2. **Narrator:** Translates Game Engine results into immersive flavor text.
## 3. Technology Stack
### Core
* **Language:** TypeScript (Full Stack)
* *Reasoning:* Shared type definitions (`Item`, `Room`, `GameState`) between Frontend and Backend ensure the UI always reflects the true game state.
### Frontend
* **Framework:** React
* **Styling:** Tailwind CSS (for rapid UI development and distinct "retro" aesthetic).

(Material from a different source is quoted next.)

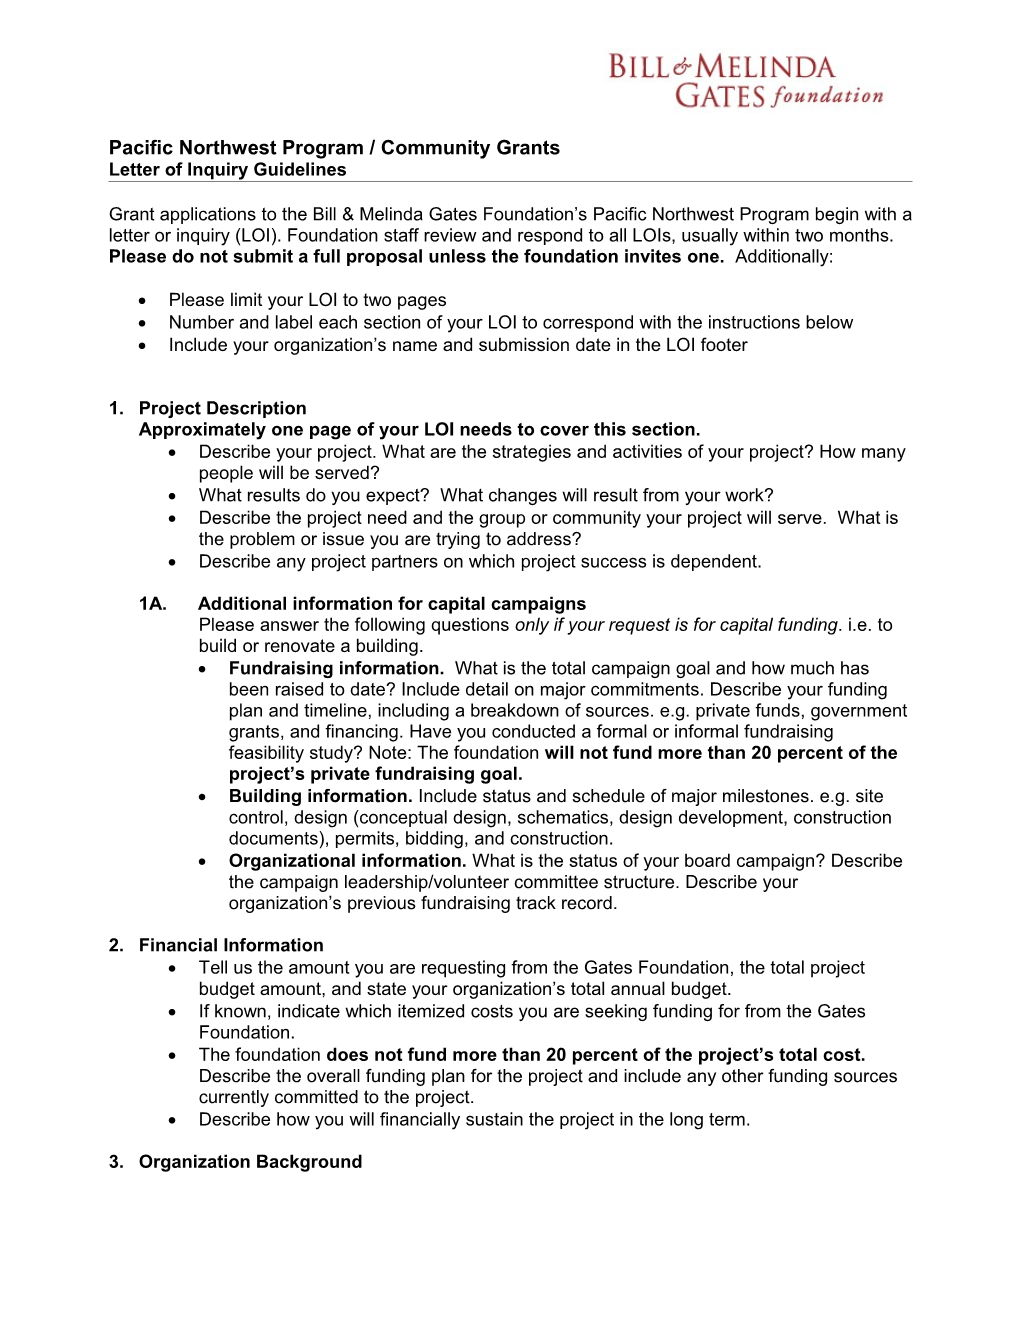 Pacific Northwest Letter of Inquiry Guidelines
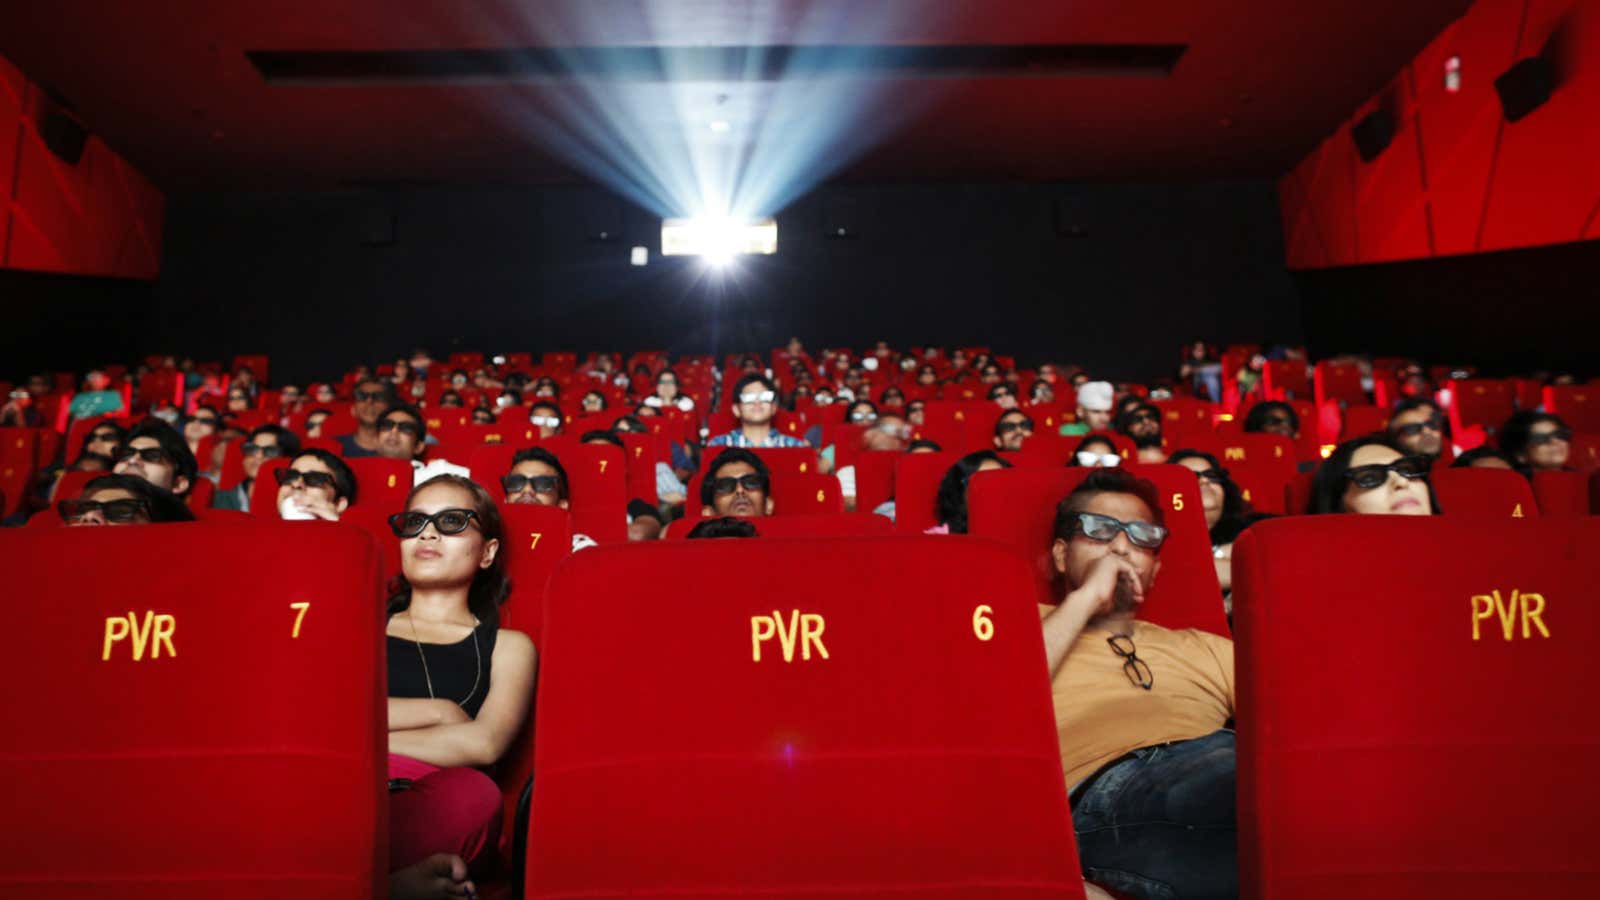 In recent years, the market for Hollywood films in India has been on the rise.

* **State Management:** React Context or Zustand (for local handling of UI state).
### Backend
* **Runtime:** Node.js
* **Framework:** Express or Fastify.
* **Database:** SQLite.
* *Reasoning:* Lightweight, file-based, and perfect for handling structured game data and save states without complex setup. Easy to migrate to PostgreSQL later.
### AI / ML
* **Provider:** OpenRouter (Access to various models like Llama 3, Claude 3, Gemini, etc.).
* **Integration:** Server-side API calls to prevent API key exposure.
## 4. Data Flow (The Game Loop)
1. **Input:** Player types: *"I grab the rusty sword and slash the goblin."*
2. **Parse (LLM):** Backend sends text + context to LLM.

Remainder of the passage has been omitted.